Oh and just so you don't have nightmares, an innocent Popster at the beach today


----------



## Janey153 (Mar 26, 2015)

haha!! Very good and funny too


----------



## 2ndhandgal (Aug 29, 2011)

aaaarrrgggghhhhhhh scary

Love the beach photo - that looks like a lot of fun


----------



## Tinman (Apr 23, 2013)

Mazzapoo said:


> There is a moment in every good horror film where the audience gets to see the 'real' face of the baddie character.....I'm thinking of the bit where they part Damien's hair to see the 666 or maybe Jack Nicholson's 'Here's Johnny' moment. Well here is the true nature of our lovely girl....remember, the camera never lies


What the ......
Oh my - that's funny
It's like you've stumbled across a lost little alien in the crops!  x


----------



## fairlie (Sep 7, 2013)

Petrifying Poppy, like a villain from a comic book, striking fear into the heart of grassland creatures everywhere.  

Wow that is one picturesque beach you have there.


----------



## Mazzapoo (Jul 28, 2013)

Petrifying....alien...striking fear into the heart....scary......none of the words used by the breeder when we picked Poppy up, strange that eh?


----------



## Lindor (Feb 3, 2014)

Spooky.


----------



## DB1 (Jan 20, 2012)

just need the creepy music now.....who can think of the line they would use to promote the Poppy Horror film?!....


----------



## dmgalley (Aug 19, 2012)

I love it! Ozzy has one eye that turns red like that. So creepy.


----------



## Mazzapoo (Jul 28, 2013)

I'll go with Texas Chainsaw Massacre's _'Who will survive and what will be left of them?'_


----------



## Tinman (Apr 23, 2013)

DB1 said:


> just need the creepy music now.....who can think of the line they would use to promote the Poppy Horror film?!....

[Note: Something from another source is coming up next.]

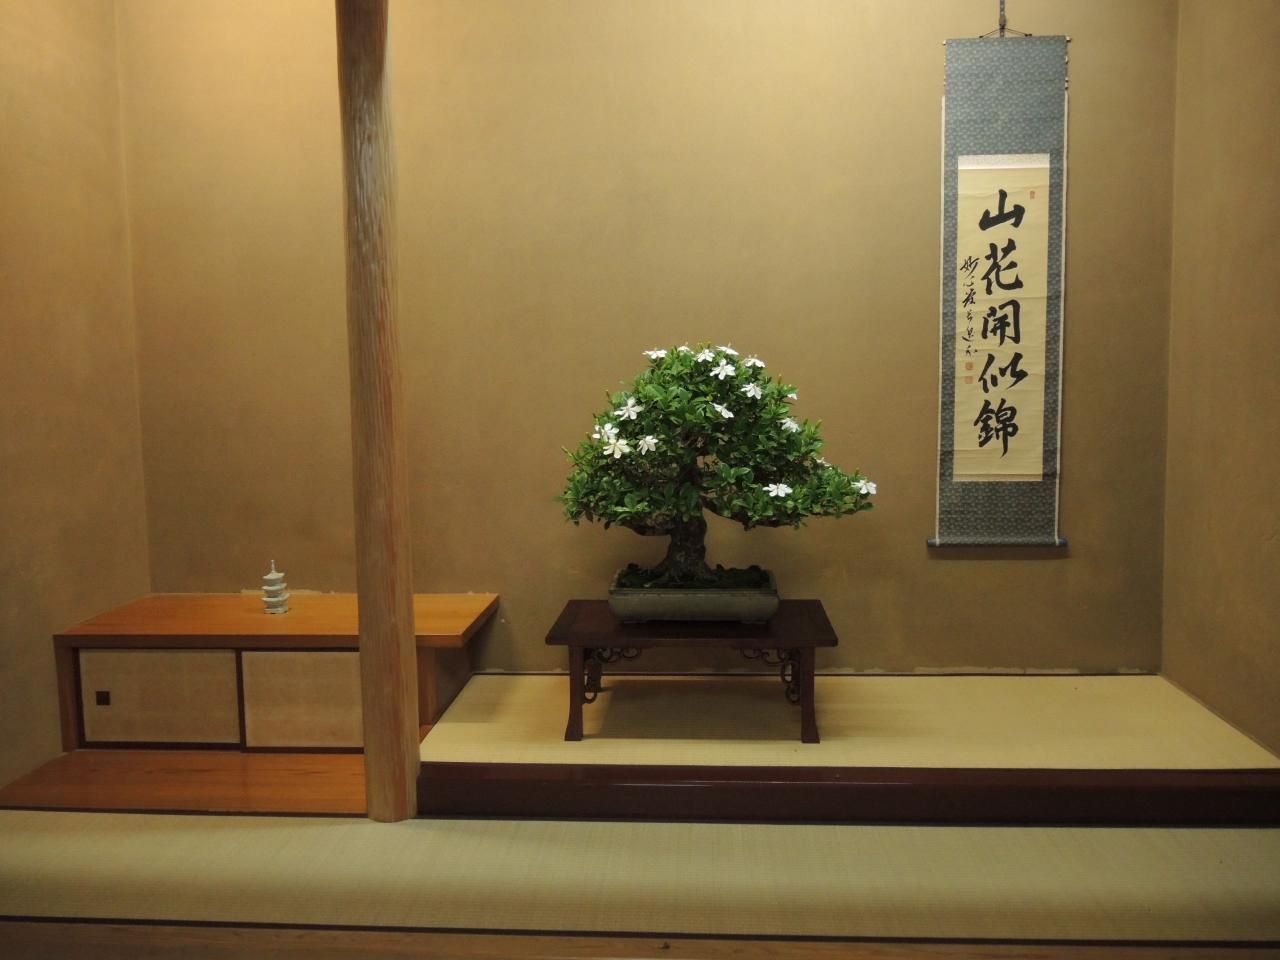 Katsura Leaf Bonsai Tokonoma Trials
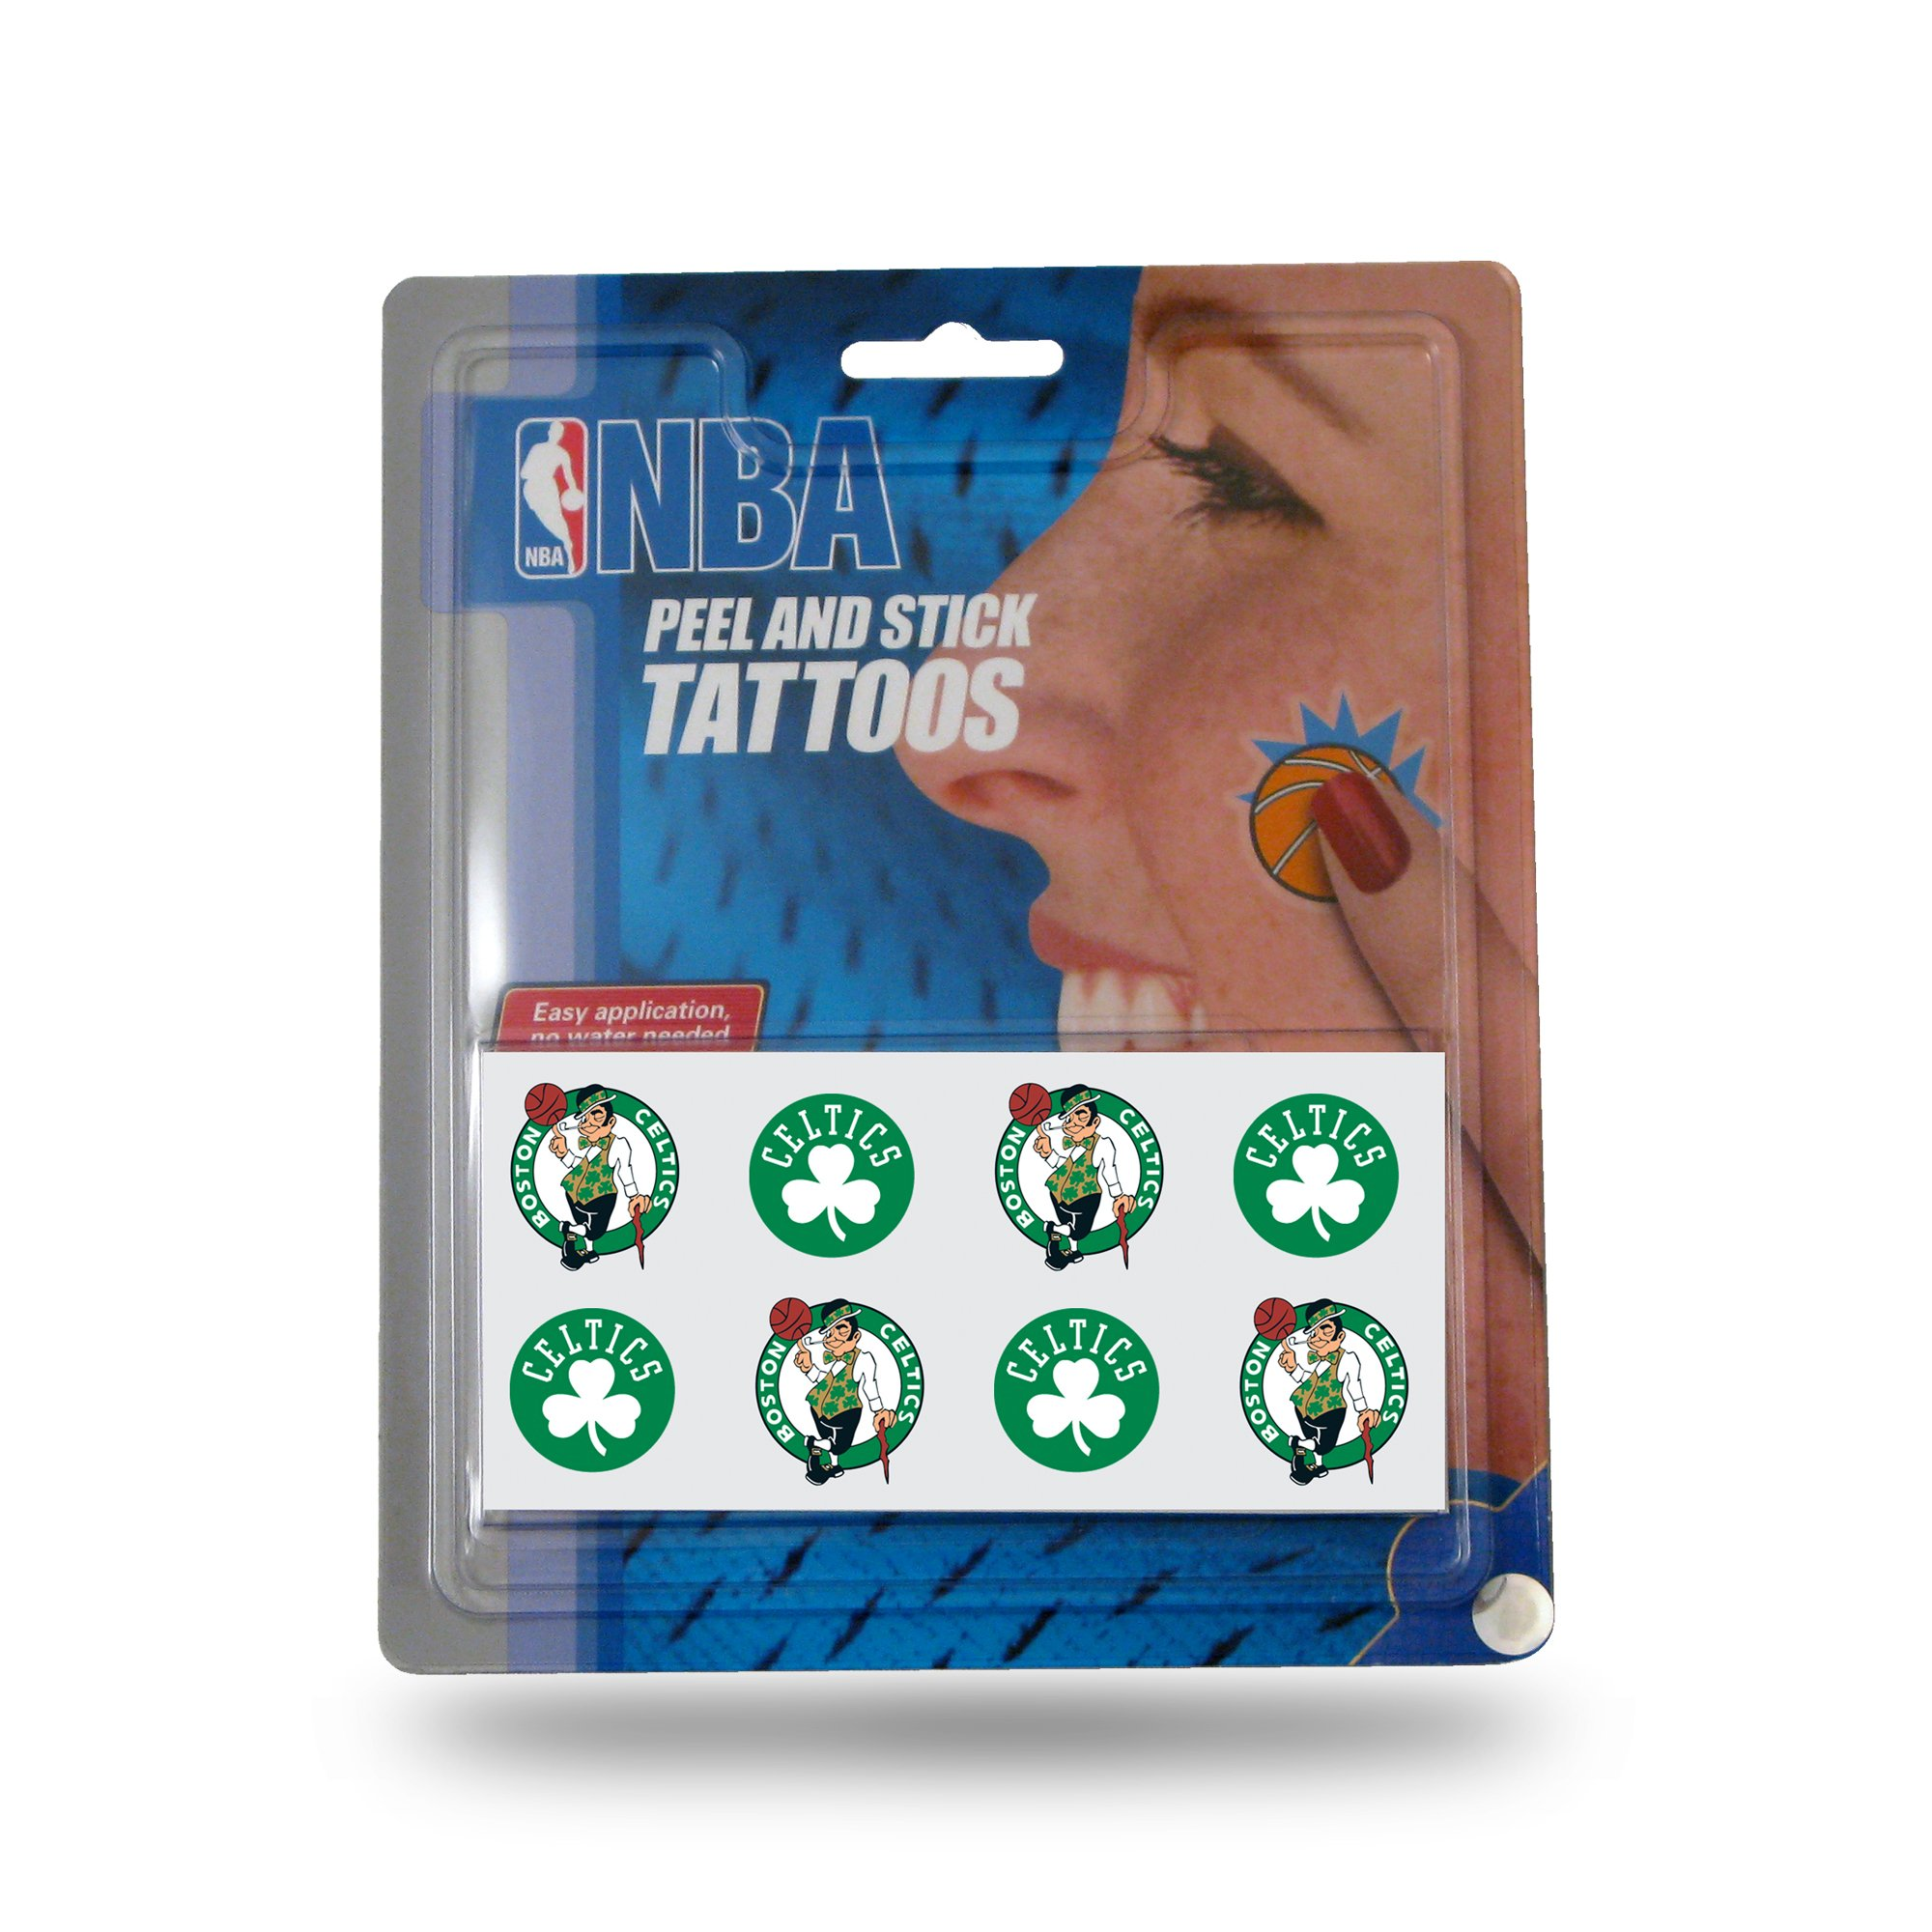 NBA Boston Celtics Face Tattoos, 8-Piece Set

"Don't go into the field........ Who knows what lurks between the crops........"


----------



## Marzi (Sep 17, 2012)

Reminds me of that spooky film Signs with Mel Gibson.... corn fields are dangerous places...


----------



## Tinman (Apr 23, 2013)

Reminds me of that horror film...
Children of the corn
3rd one in from the right.... It's poppy making her debut appearance!


----------



## Mazzapoo (Jul 28, 2013)

Whoa! What is that? That's a perfect animated version gulp :behindsofa:


----------



## DB1 (Jan 20, 2012)

some great idea's there - how about it came from behind the corn, or following your link Tacey (too spooky)- Puppies of the Corn, (doesn't sound too scary though, oh and that would be the name not the promotional line).


----------



## Tinman (Apr 23, 2013)

DB1 said:


> some great idea's there - how about it came from behind the corn, or following your link Tacey (too spooky)- Puppies of the Corn, (doesn't sound too scary though, oh and that would be the name not the promotional line).


Just had a catch up on your face books and web page, I so wish you were nearer to me dawn, all the dogs you do look amazing.
No plattypusspoo looks going on in your salon! X
Ps love Dudley's face book page, I would like on there but I don't do face book


----------



## petentialpete (Mar 9, 2015)

Love Dudley's FB page. What a star! The puppy horror film could only be entitled "Paws - just when you thought it safe to go into the garden"


----------



## DB1 (Jan 20, 2012)

Thanks guys, I have fun with Dudley's pic's for facebook, and as for the grooming Tracey, of course i don't put any photo's on when the dogs don't look good! - but of course they all do!! (she says very modestly) actually had one of the all off like a sheep's fleece groom to do on a cockapoo recently, even then the owner said it looked better than they were imagining so that was good - helped that the muzzle wasn't too matted.


----------